- BRIEF -
Reproduce the following data exactly, minus any images.

- DATA SECTION -
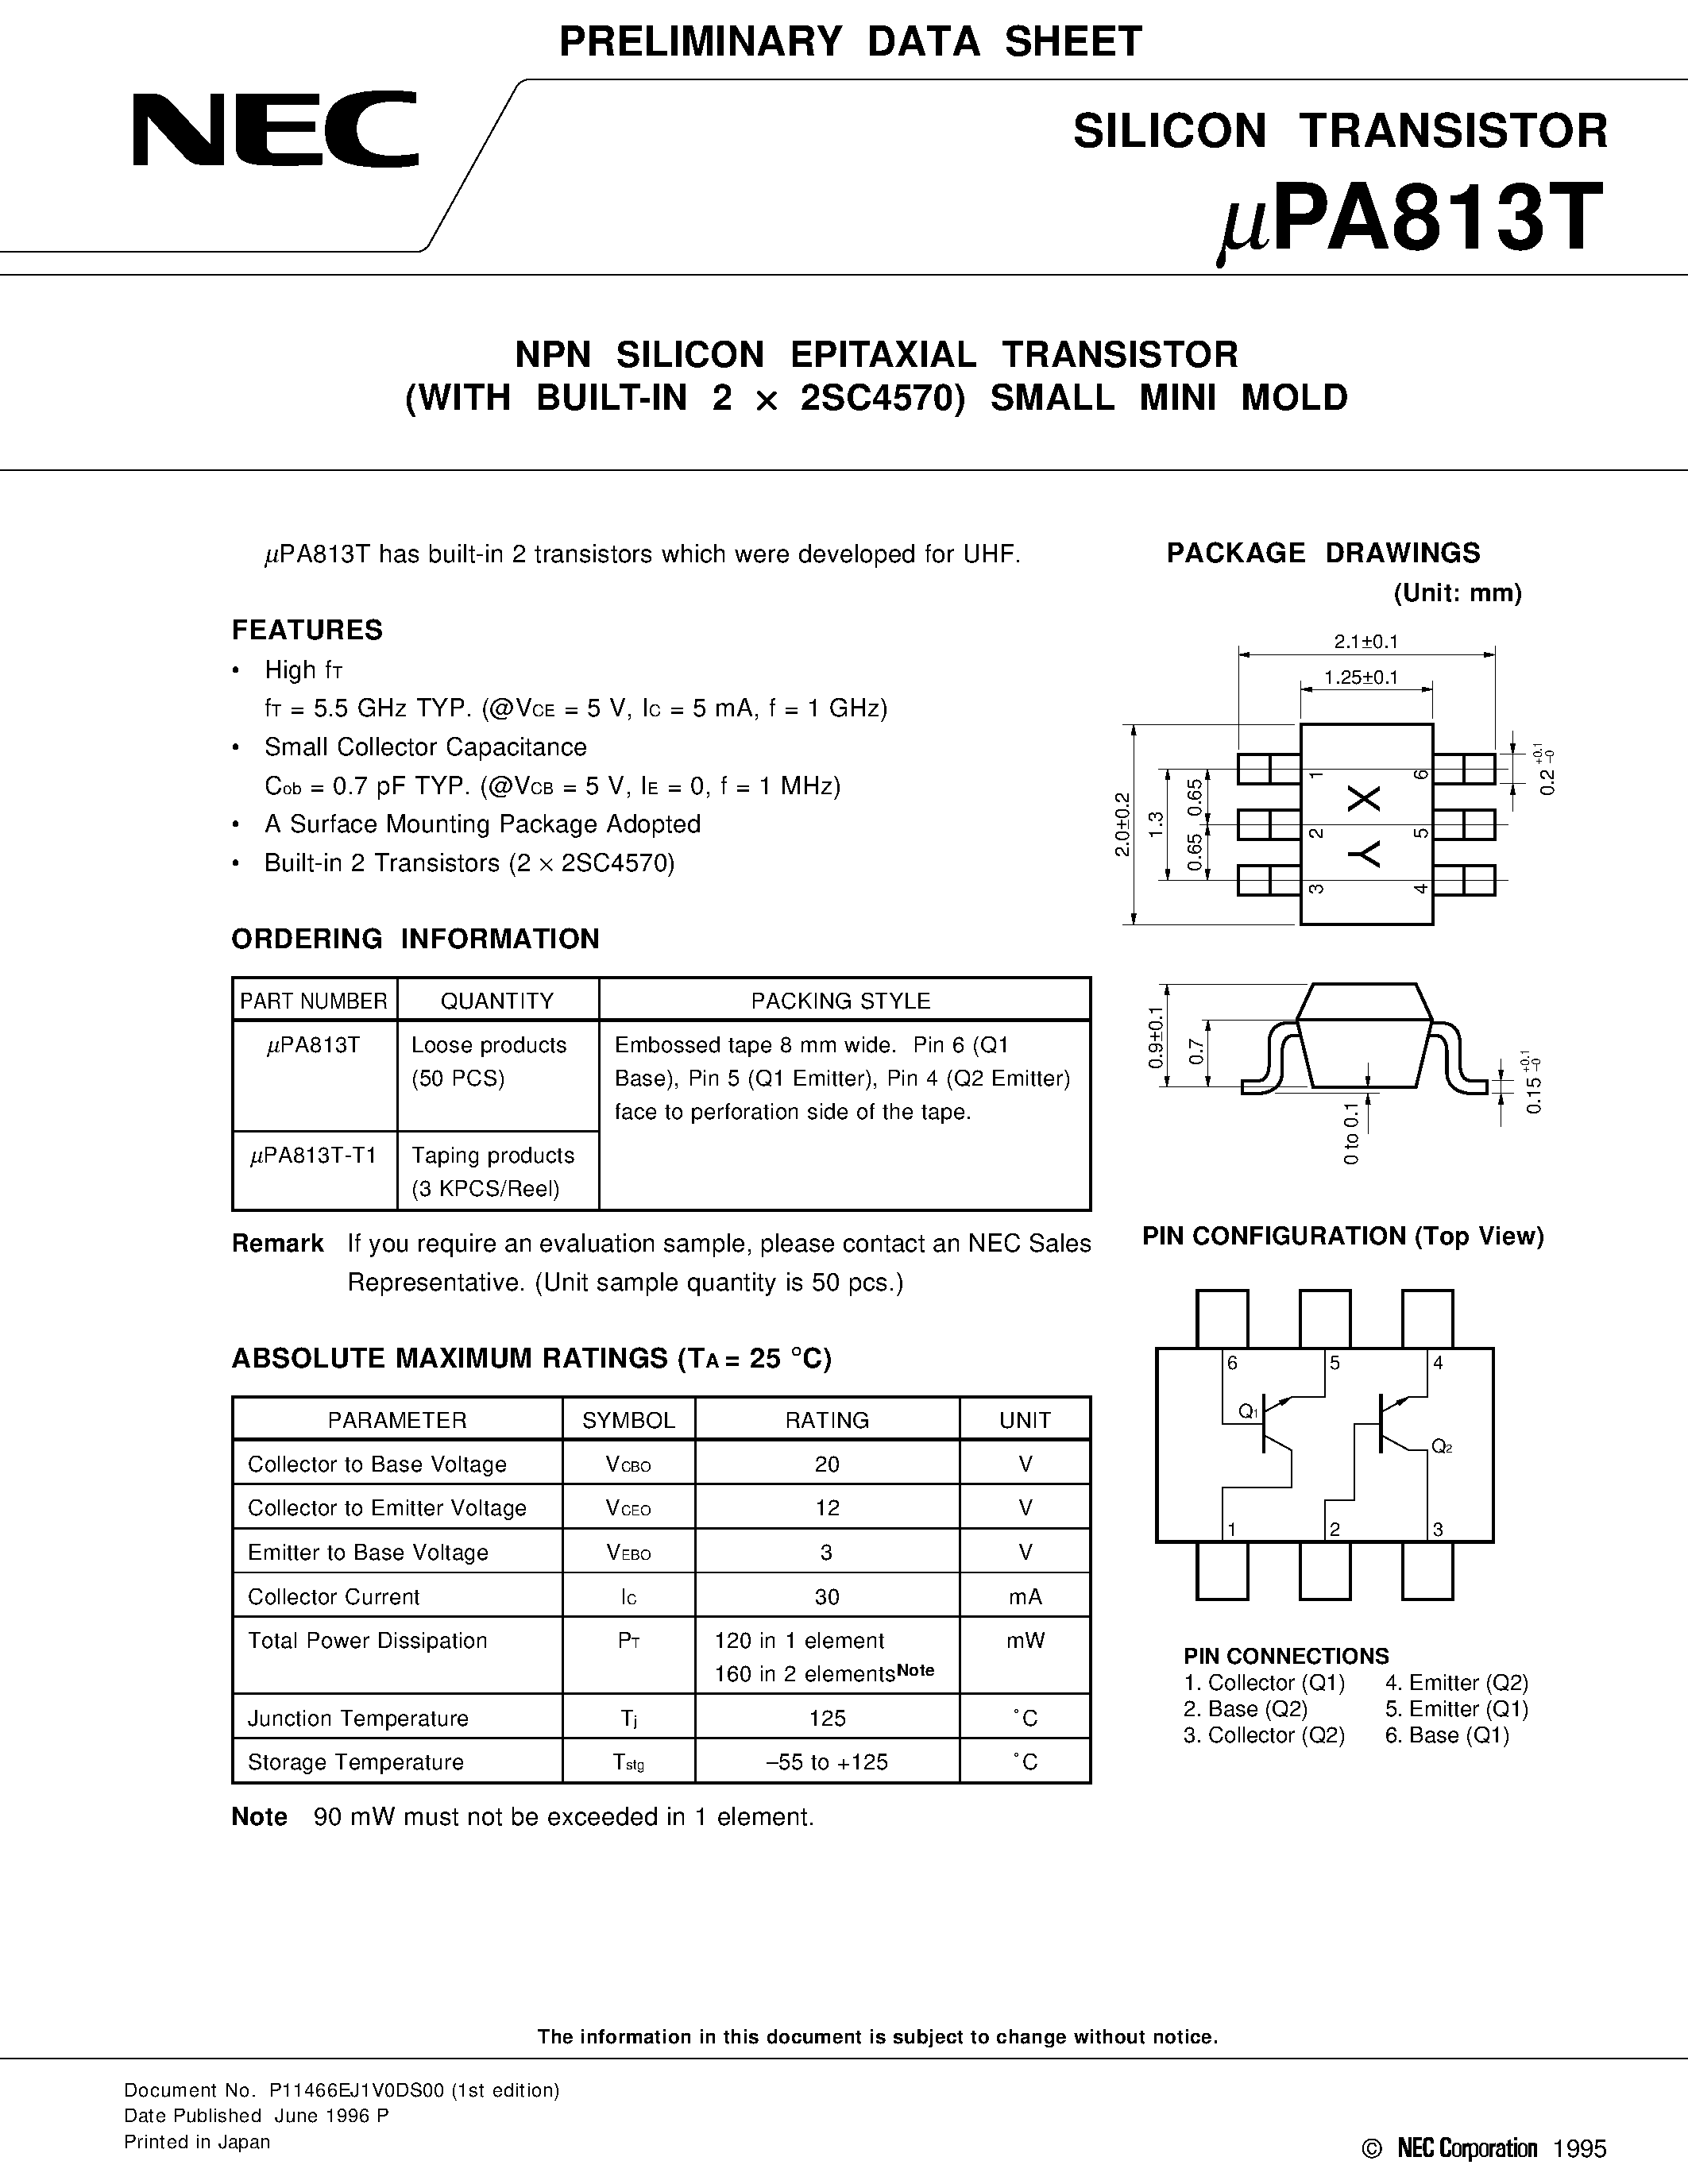 Datasheet UPA813 - NPN SILICON EPITAXIAL TRANSISTOR WITH BUILT-IN 2 x 2SC4570 SMALL MINI MOLD page 1
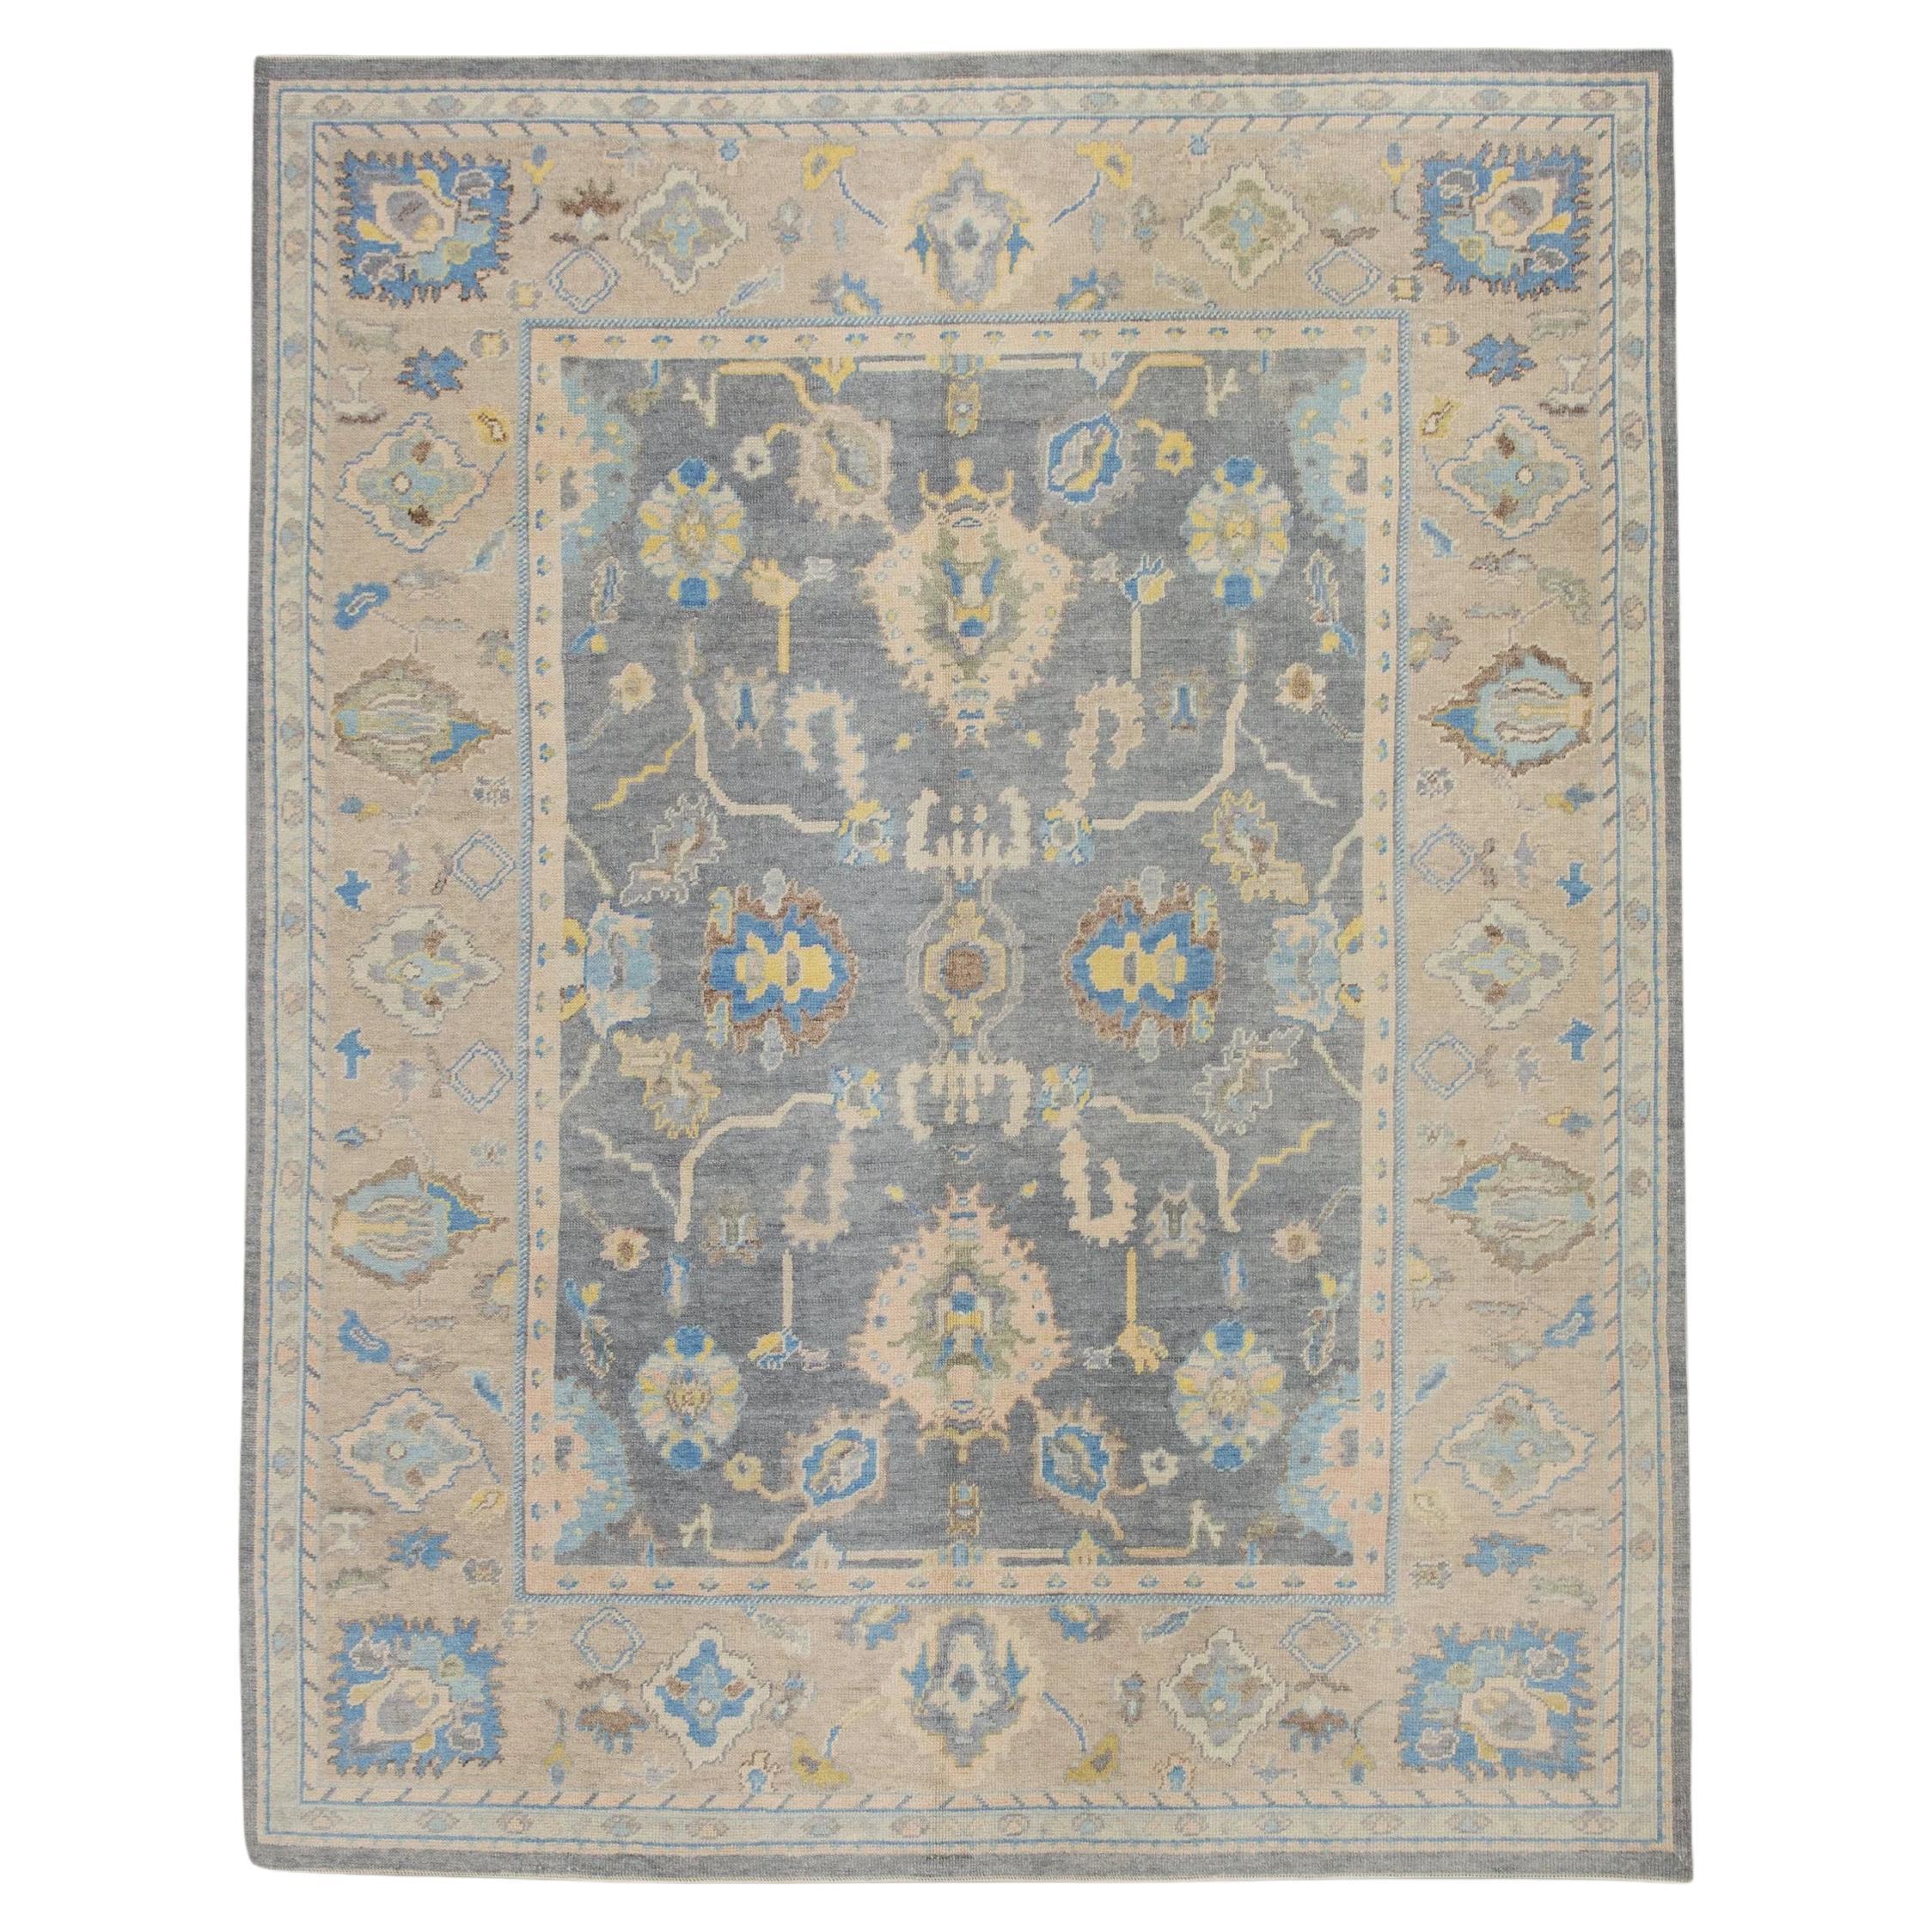 Floral Handwoven Wool Turkish Oushak Rug in Brown and Blue 7'11" x 9'11"
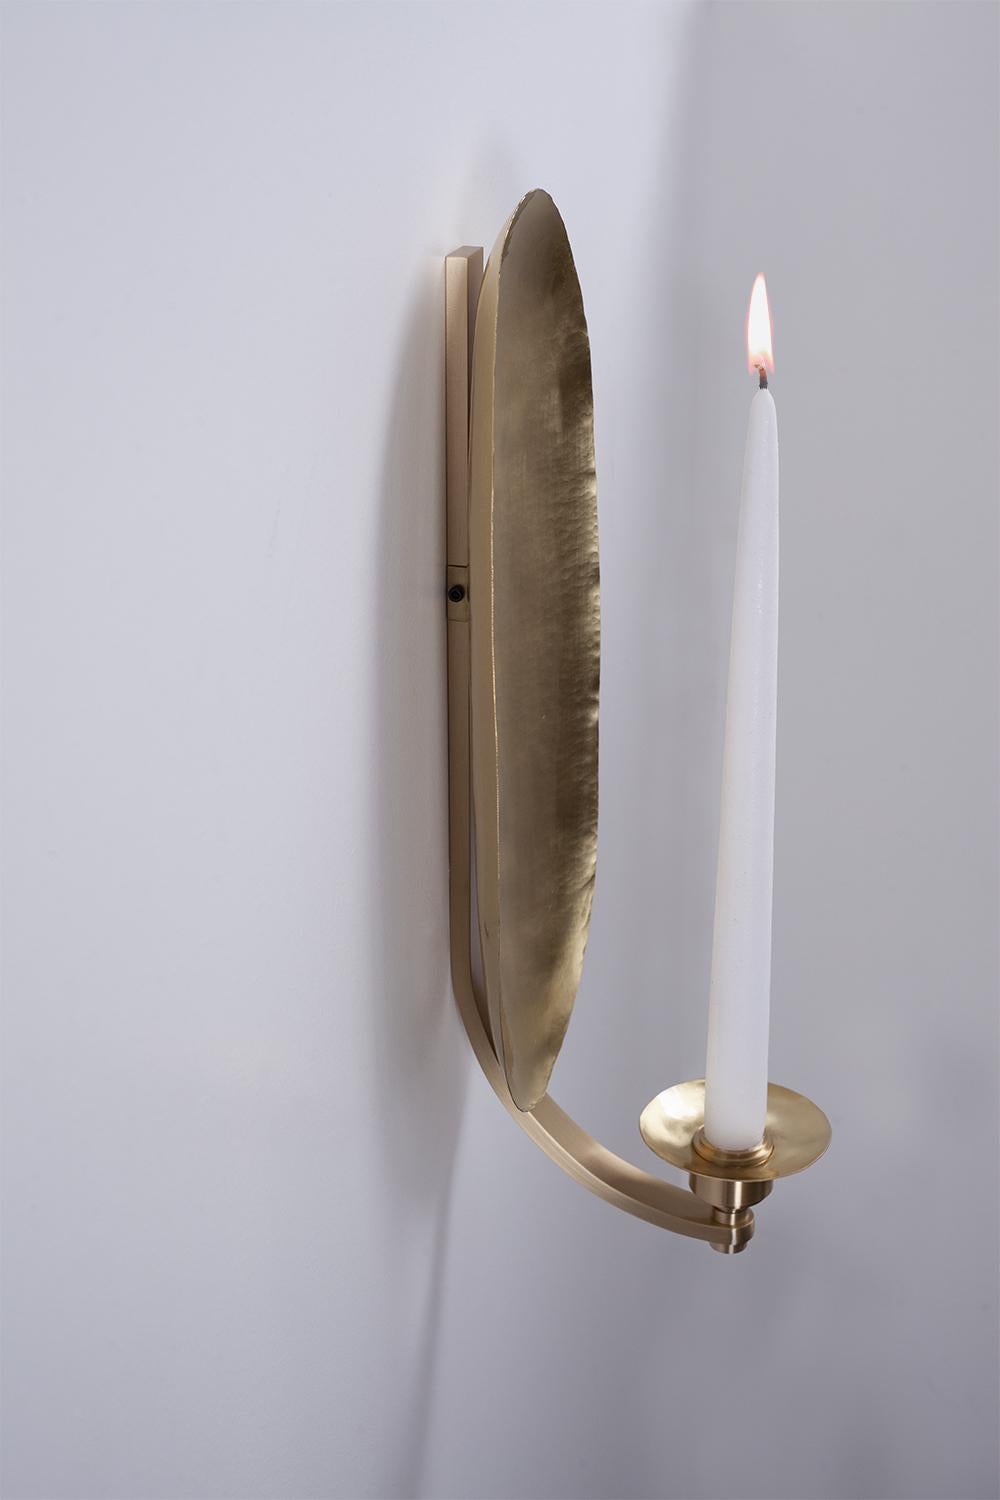 To light up, the Egyptians used silver mirrors that reflected light. This principle is reinterpreted here on a wall lamp with clean, curved shapes.

This sconce bears the name “Martincourt” in memory of this bronzier, sculptor and modeler

- RESPONSE BOX -
 Datasheet UPA813 - NPN SILICON EPITAXIAL TRANSISTOR WITH BUILT-IN 2 x 2SC4570 SMALL MINI MOLD page 1
 Floral Handwoven Wool Turkish Oushak Rug in Brown and Blue 7'11" x 9'11"
 To light up, the Egyptians used silver mirrors that reflected light. This principle is reinterpreted here on a wall lamp with clean, curved shapes.

This sconce bears the name “Martincourt” in memory of this bronzier, sculptor and modeler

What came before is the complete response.